Rien de triste, de mélancolique, comme les vibrations de cet instrument au crépuscule, alors que tout se tait, que pas un souffle, pas un soupir ne vient troubler le silence de la solitude; la dernière note surtout, cette note prolongée, qui s'étend sur la plaine immense … éveillant au loin … bien loin … les échos de la montagne, a quelque chose de la grande poésie, qui remue le coeur.
Le coude sur ma peau d'ours, j'écoutais cette voix plaintive, évoquant les souvenirs des âges féodaux. La vue de ma chambre, de cette voûte, basse, sombre, écrassée … antique repaire du loup de Nideck … et plus loin … cette petite fenêtre à vitraux de plomb, en plein cintre … plus large que haute, et profondément enclavée dans le mur, ajoutait encore à la sévérité de mes réflexions.
Je me levai brusquement, et je courus ouvrir la fenêtre tout au large.
Là m'attendait un de ces spectacles que nulle parole humaine ne saurait décrire, le spectacle que l'aigle fauve des hautes Alpes voit chaque matin au lever du rideau pourpre de l'horizon: des montagnes!—des montagnes!—et puis des montagnes!—flots immobiles qui s'aplanissent et s'effacent dans les brumes lointaines des Vosges et du Jura;—des forêts immenses, des lacs, des crêtes éblouissantes, traçant leurs lignes escarpées sur le fond bleuâtre des vallons comblés de neige…. Au bout de tout cela, l'infini!
Quel enthousiasme serait à la hauteur d'un semblable tableau?
Je restais confondu d'admiration.
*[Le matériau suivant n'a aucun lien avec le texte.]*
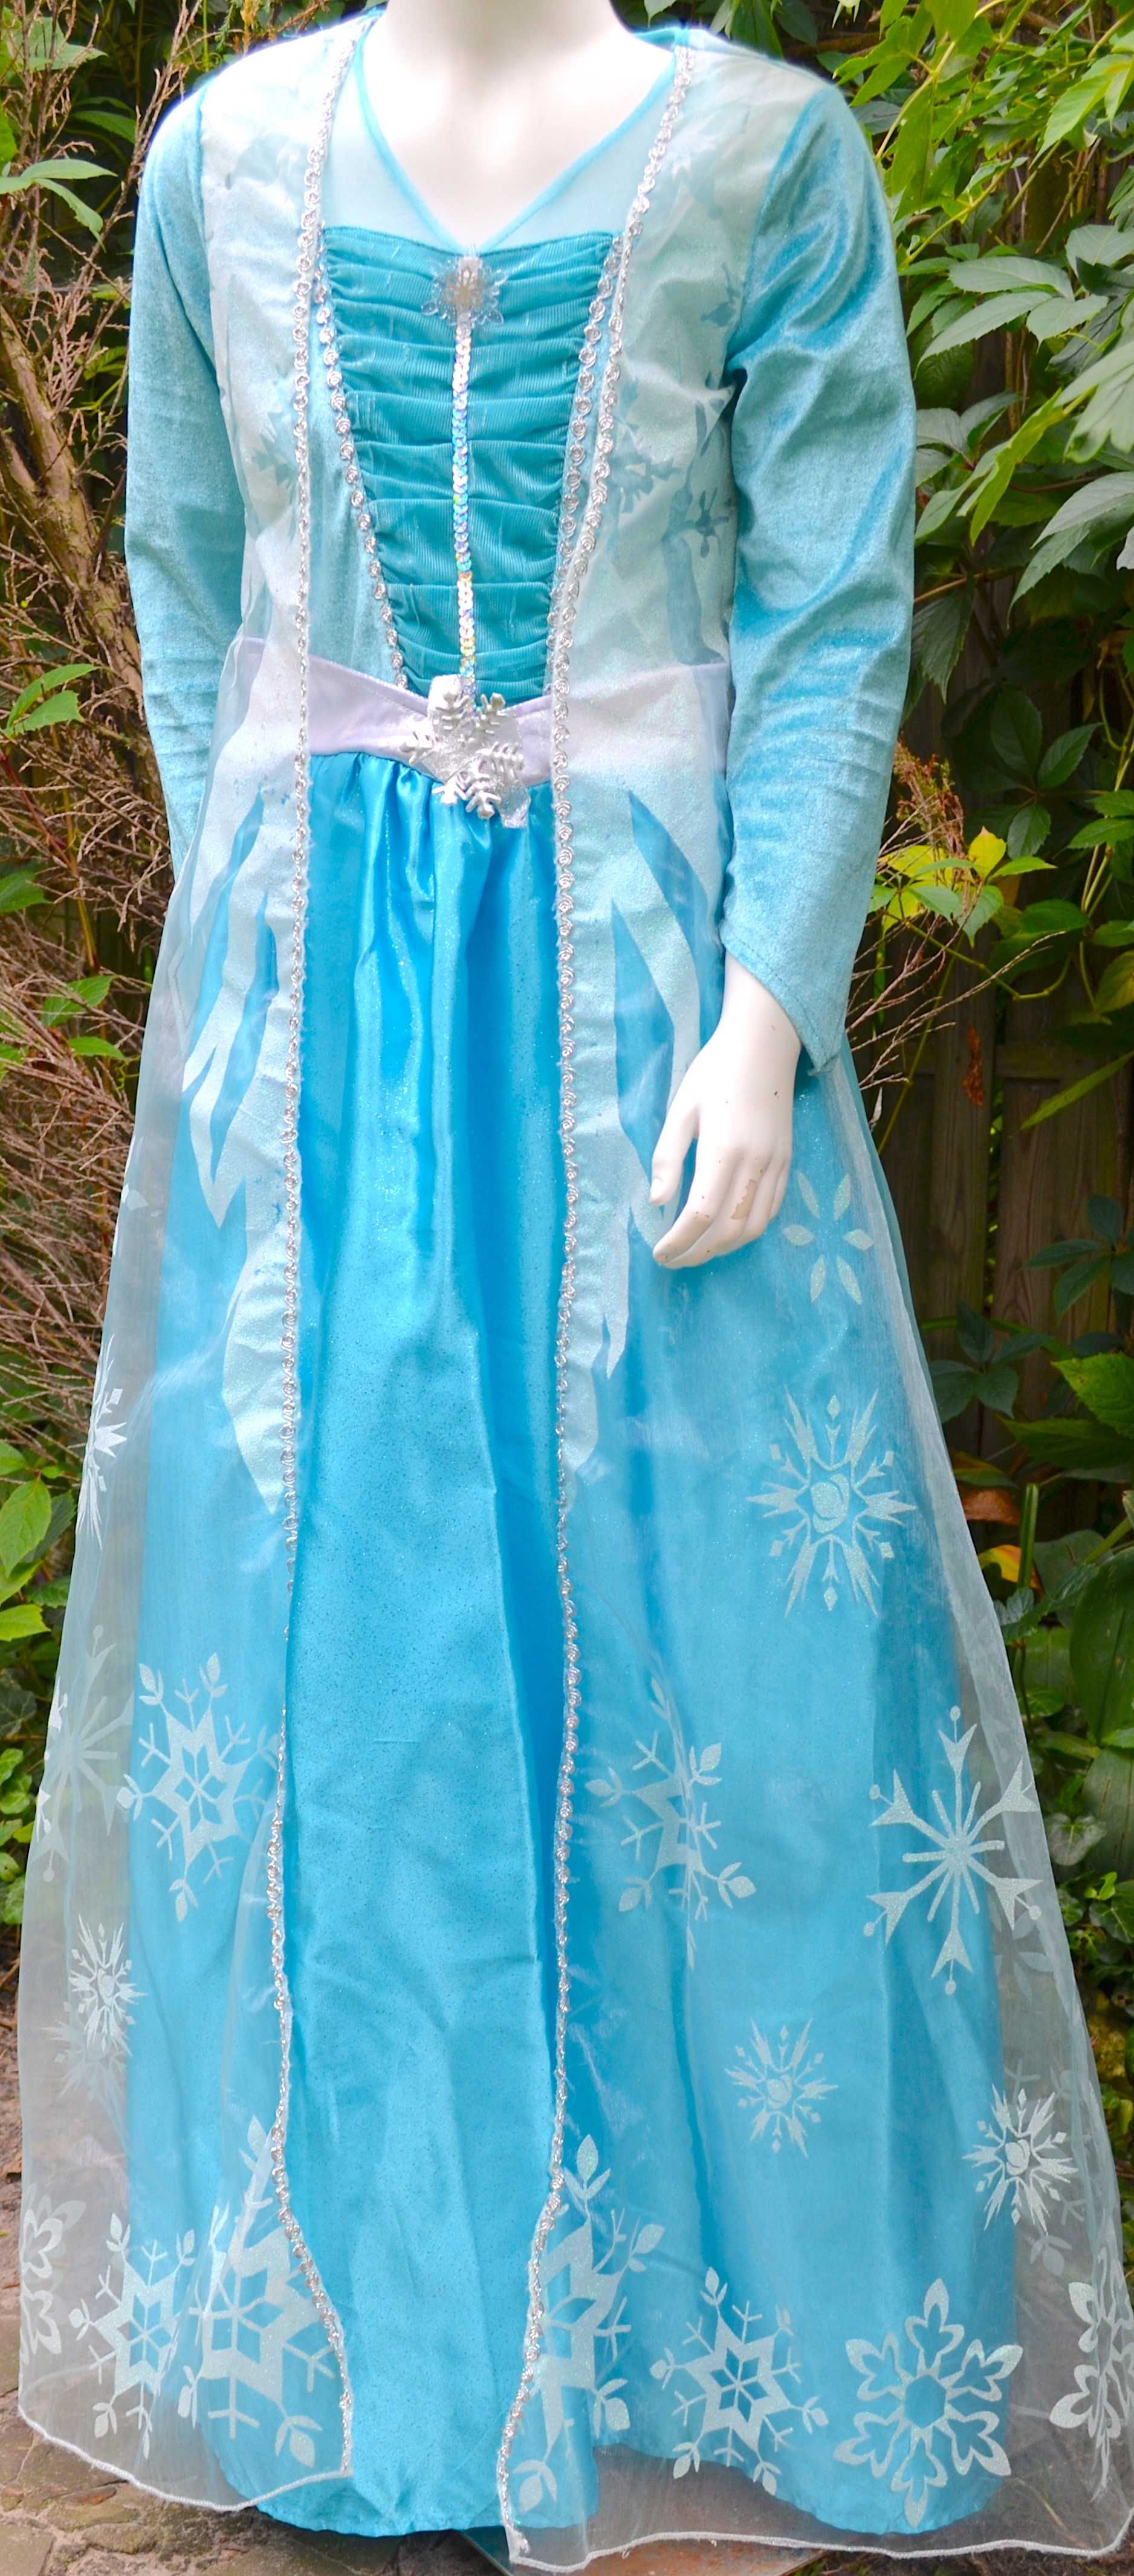 Фирменное платье со шлейфом Фрозен Эльза от Дисней

A chaque regard, se multipliaient les détails: hameaux, fermes, villages, semblaient poindre dans chaque pli de terrain; il suffisait de regarder pour les voir!
J'étais là depuis un quart d'heure, quand une main se posa lentement sur mon épaule; je me retournai: la figure calme et le sourire silencieux de Gédéon me saluèrent d'un:
«Gouden tâg Fritz!»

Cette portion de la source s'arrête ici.